Starting from within
A key factor to remember is that the essence of love we express towards another is a reflection of the love that we have within. As the saying goes, we can only love another to the extent that we love the self. Your relationship starts with you; how you think about you, how you feel about you, and how you talk about yourself. Improve that and you will see a difference in yourself, as well as what you tolerate as acceptable behavior from others.
Anytime you place your happiness in something or someone you apply conditions to it. When you apply conditions to your happiness you become a slave to that condition. Anytime the condition is threatened you are met with fears, anxieties, stress and your emotions follow. When your happiness is independent of things or people such as work, relationships, objects, etc. Then everything becomes a compliment to your life and not a necessity. Living from this place allows for you to have more inner peace and gratitude.
Love, infinite expansion
Love itself is ever expanding and is only restricted when we attempt to apply conditions around it. When we attempt to grasp or hold onto our attachments with the belief that it is out of love, we actually restrict love and find ourselves with more fear and pain. This causes us to hold back on living life due to a closing off that occurs within. A quick path out of our fears is by dropping into love for when we are in love there is no space for fear.

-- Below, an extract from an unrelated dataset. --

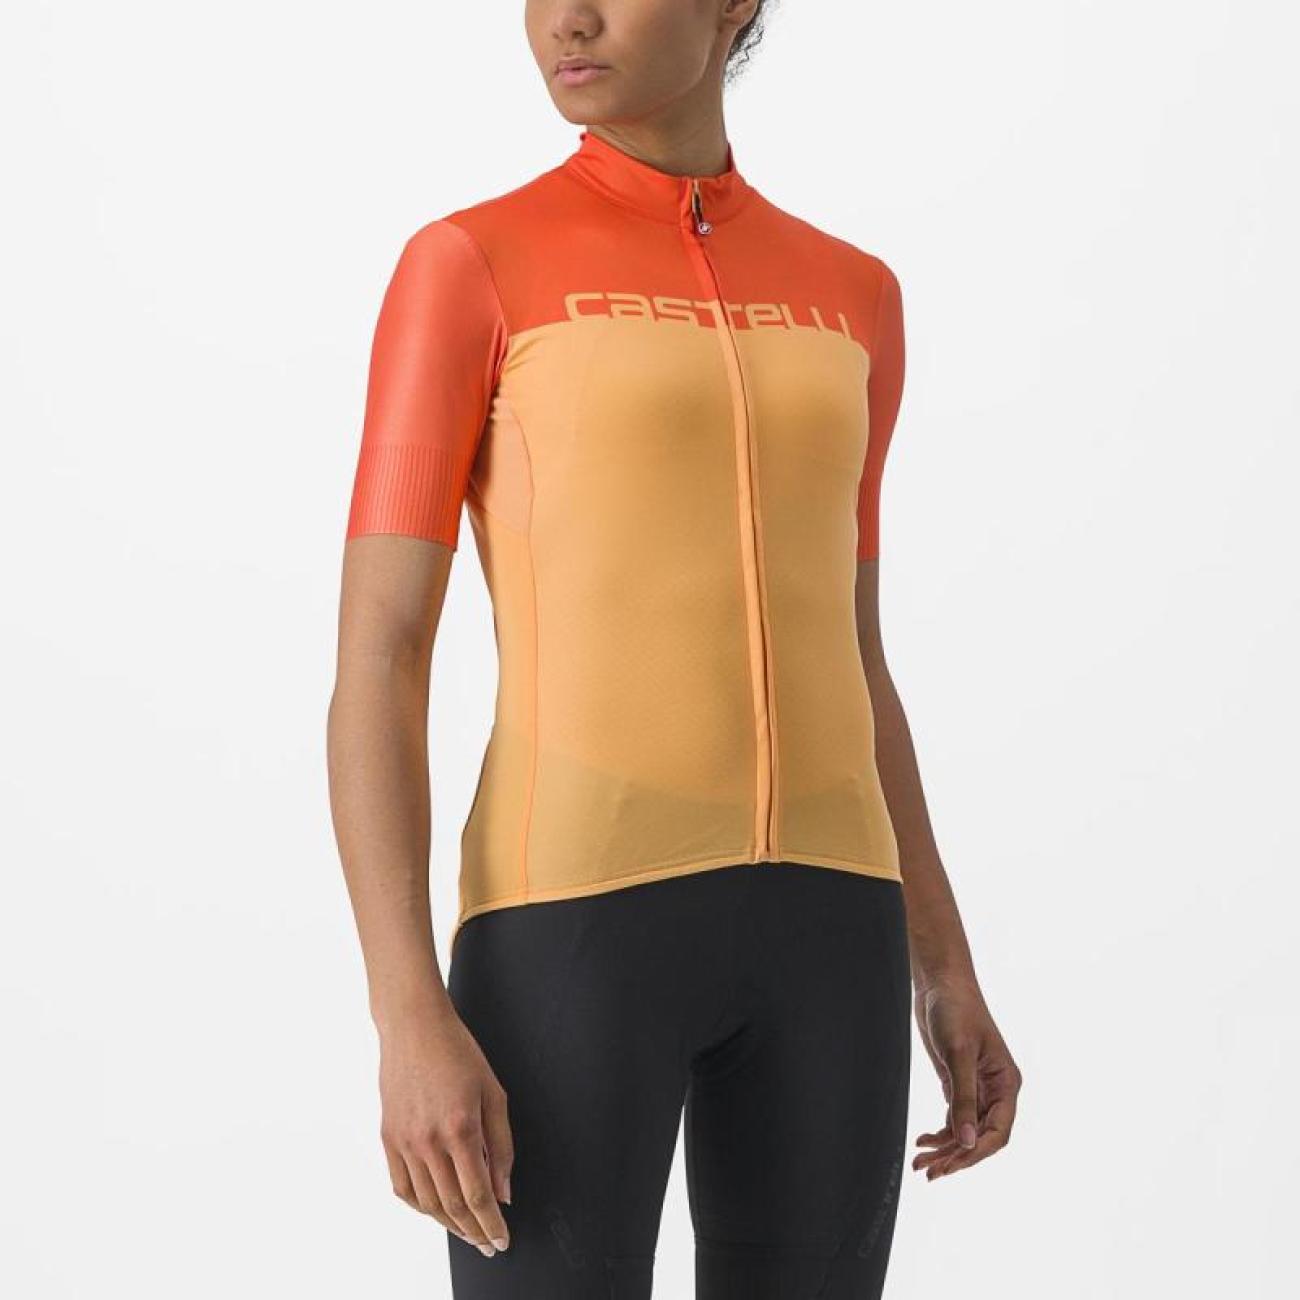 CASTELLI Cyklistický dres s krátkým rukávem - VELOCISSIMA - oranžová M
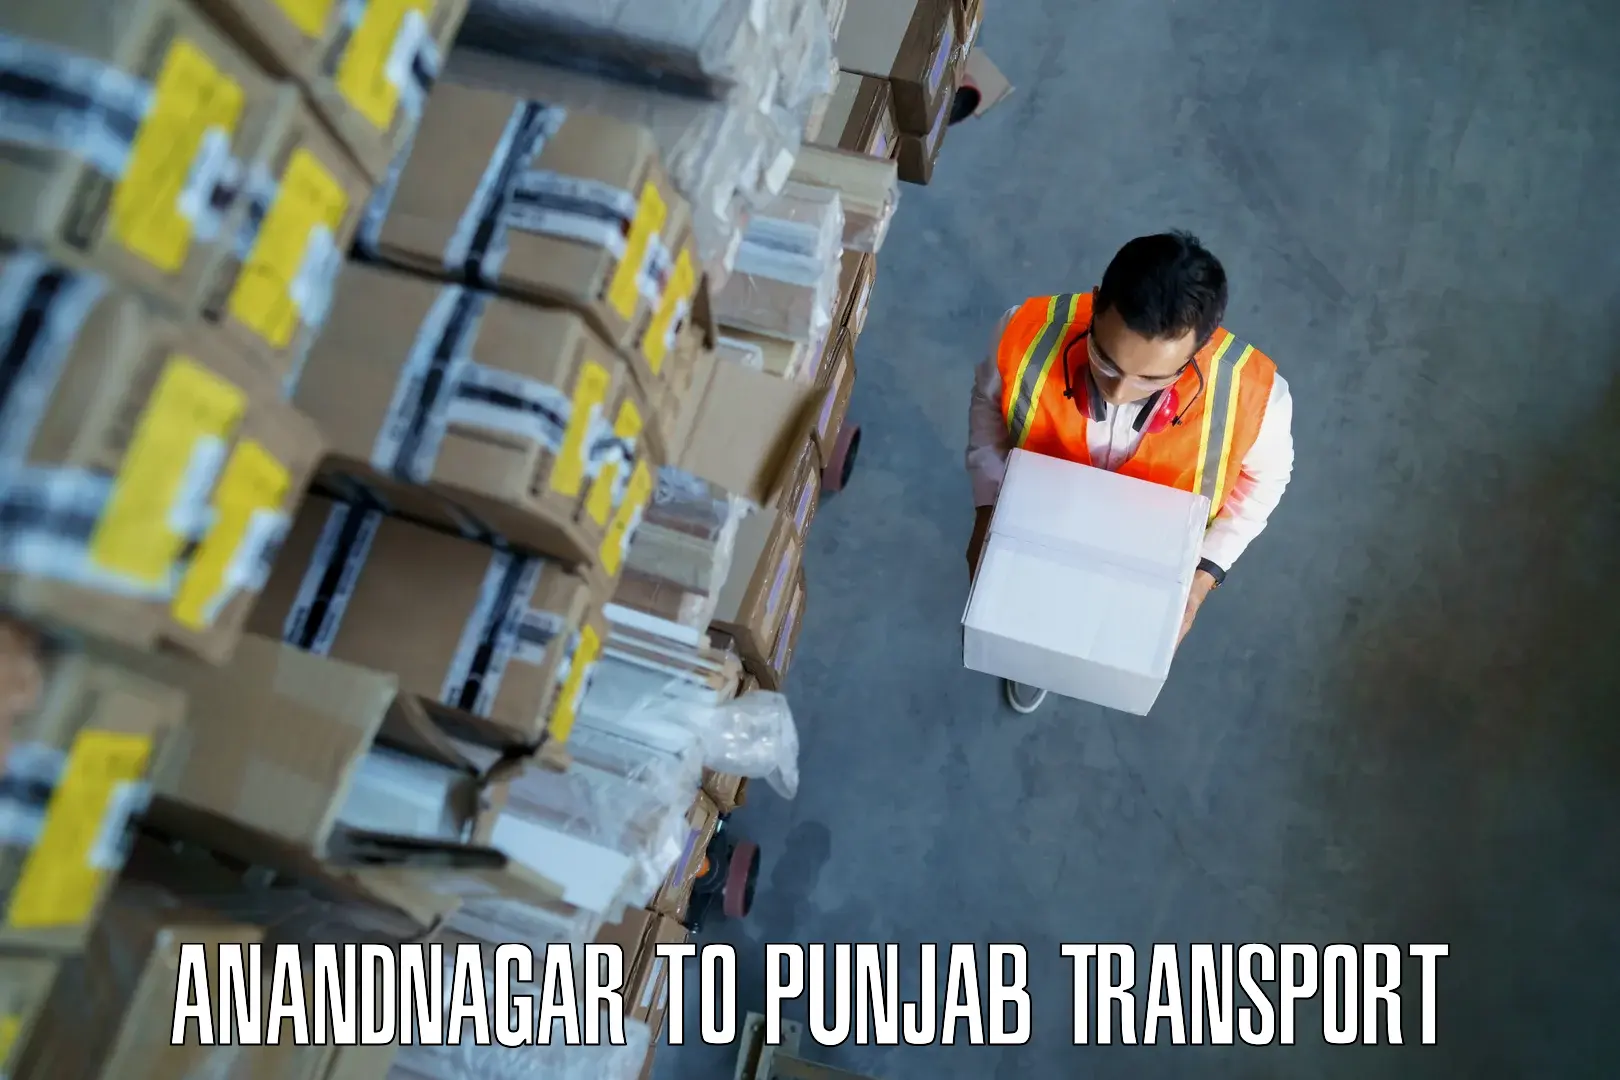 Commercial transport service Anandnagar to Dinanagar

If you find yourself unhappy with your relationship or life, you will find great benefit in questioning your thoughts and then making the necessary changes. To experience something different you must change an aspect within yourself. As you change your experiences follow.
The mirror of life
Life seems to reflect to us our deepest emotional thoughts. The happier you are within, the more your life is reflected with happiness. The same applies to love, the more love you feel within the more it expands outwardly towards others. A quick example of this is to go out and authentically express your joy at anyone you pass and notice how contagious that becomes. Notice what happens as you smile at another.
Another example is looking at a relationship where one party fears that their partner might leave them. The one with the fears will ends up doing things unconsciously that pushes their partner away. They might come on to strong, or become to controlling or needy, and their partner reacts to this. This causes emotional “highs” and “lows” in the relationship. In this scenario each partner projects their insecurities feeding the cycles, until they either become aware or decide to end the relationship.
From attachment to freedom
To be totally free we must release the desire to cling to life. In this experience we find that life is actually designed to work for us versus against us. It’s only when we try to control the nature of life through force that we are met with resistance. We begin to realize that conflict only exists at the level of thought and we see how it pertains to attachment. Not only does it cloud your mind and impact your intellect, but it also causes you to react to life from fear-based emotions.
Krishnamurti makes some great points on freedom in his book Freedom from the Known. As you practice quieting your mind, you will find there is a natural process to life that is designed to work for you. With freedom from thought, you are able to view everything with a fresh set of eyes as though you are seeing for the first time – without stories and past pain.